Task description |
Reproduce every line of the data, exactly and without its pictures.

Data extract |
+===+
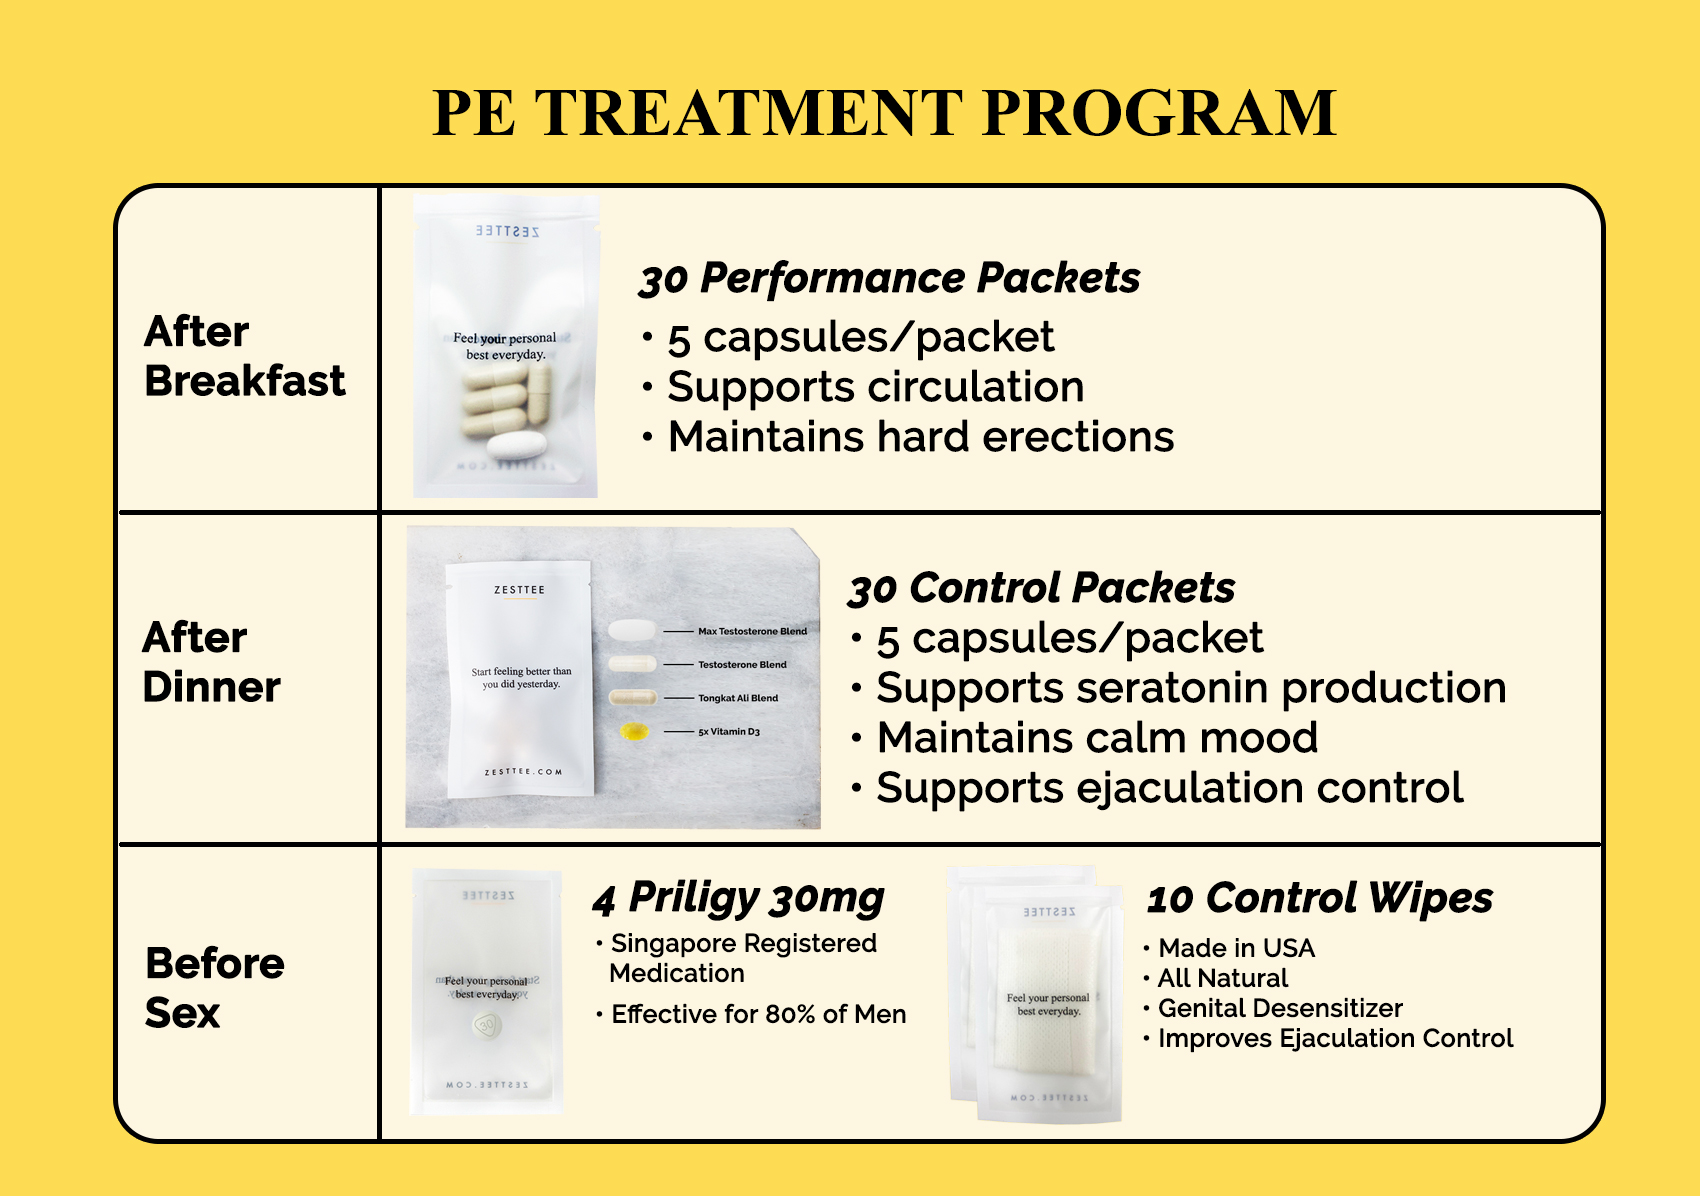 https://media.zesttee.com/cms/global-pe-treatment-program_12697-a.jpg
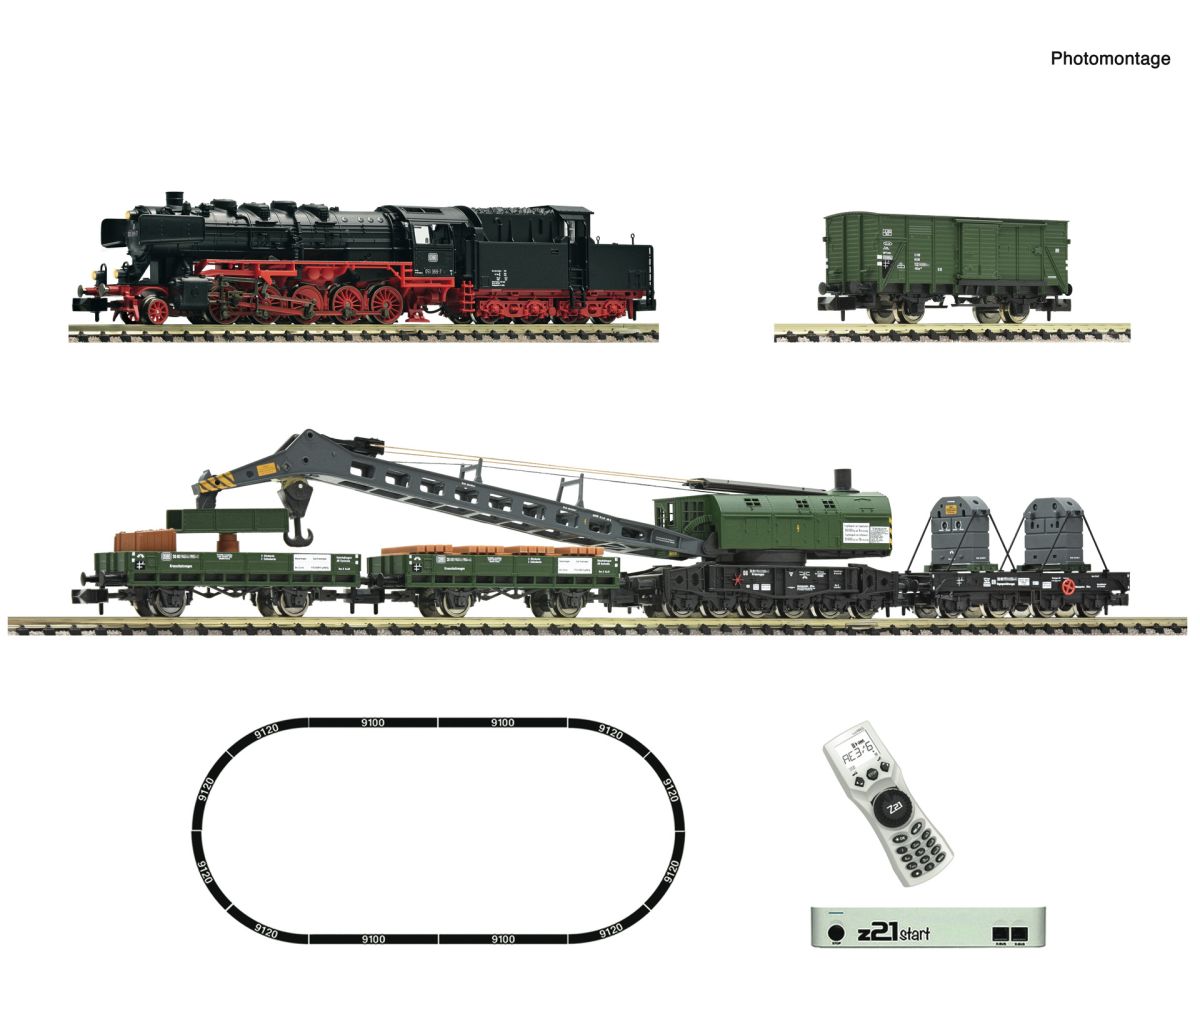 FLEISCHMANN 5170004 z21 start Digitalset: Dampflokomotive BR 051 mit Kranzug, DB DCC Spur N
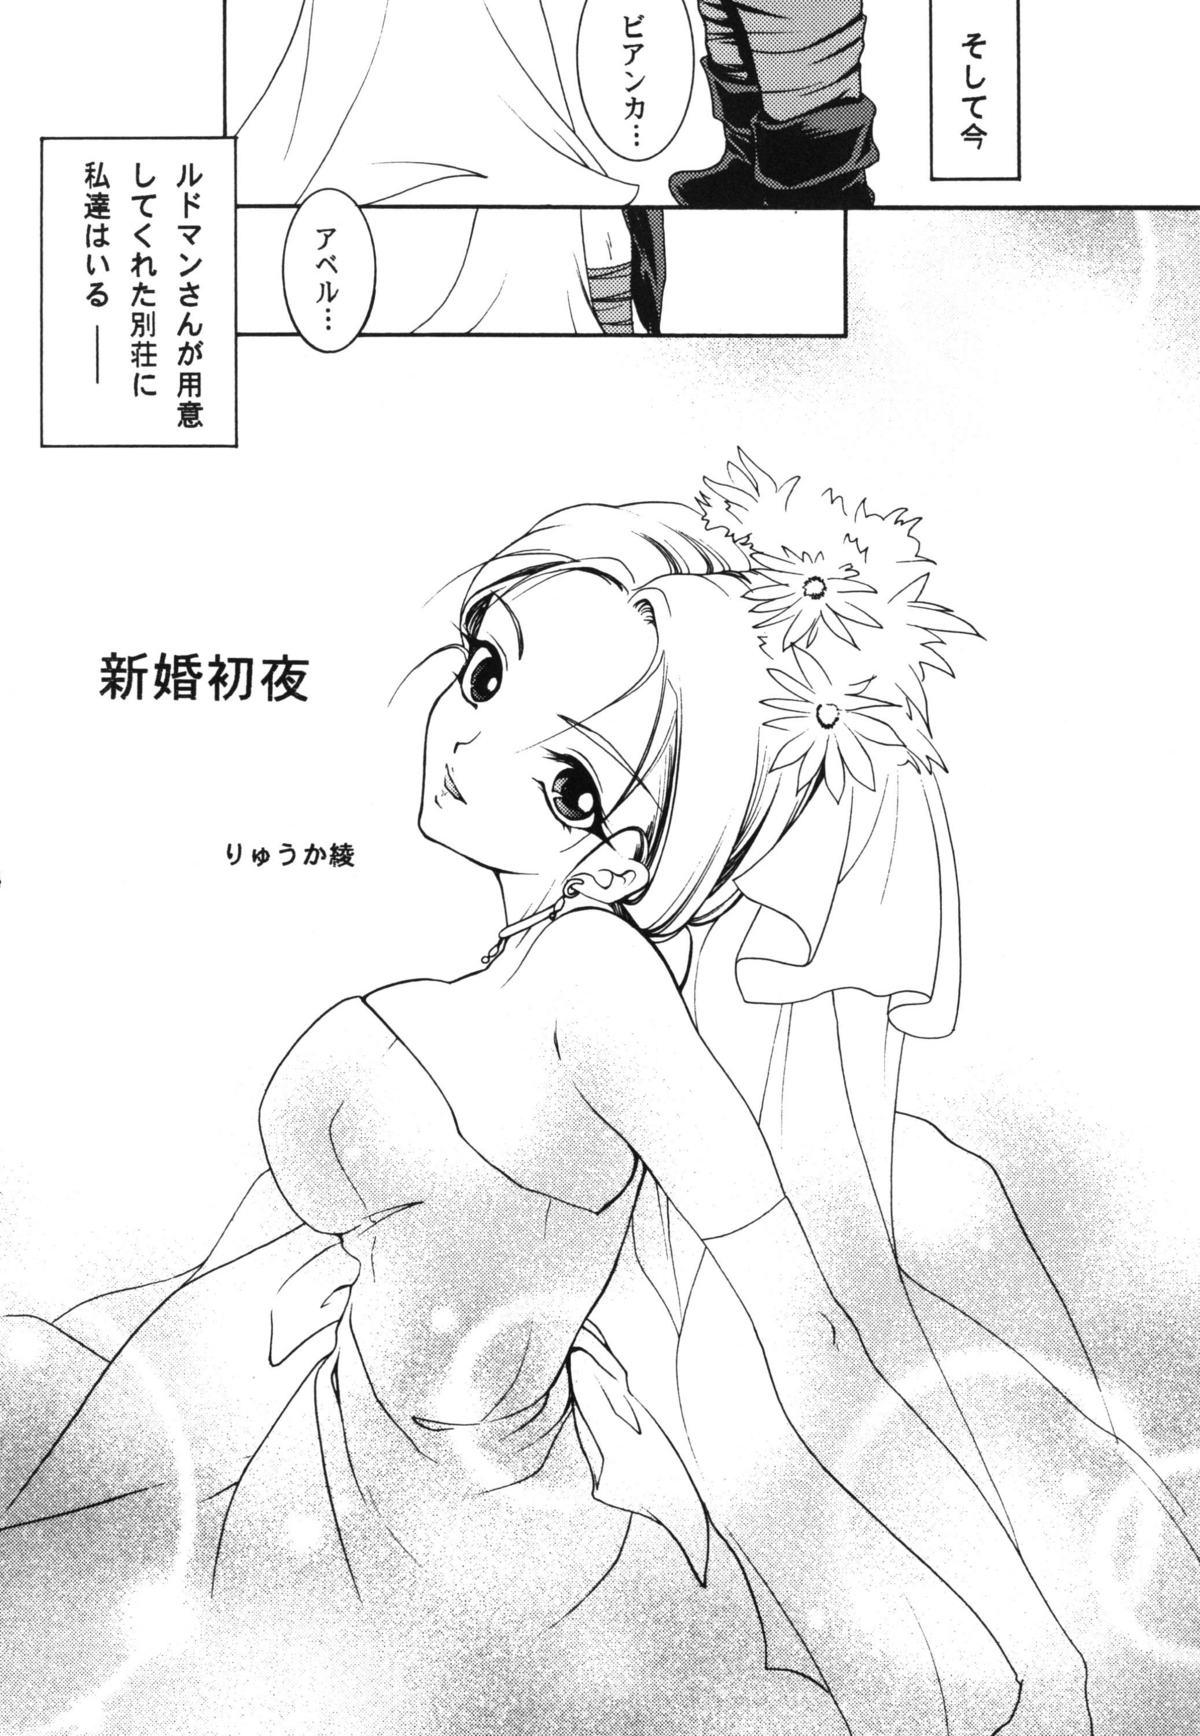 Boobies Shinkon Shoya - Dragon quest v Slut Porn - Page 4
+===+
Result below |
 https://media.zesttee.com/cms/global-pe-treatment-program_12697-a.jpg
 FLEISCHMANN 5170004 z21 start Digitalset: Dampflokomotive BR 051 mit Kranzug, DB DCC Spur N
 Boobies Shinkon Shoya - Dragon quest v Slut Porn - Page 4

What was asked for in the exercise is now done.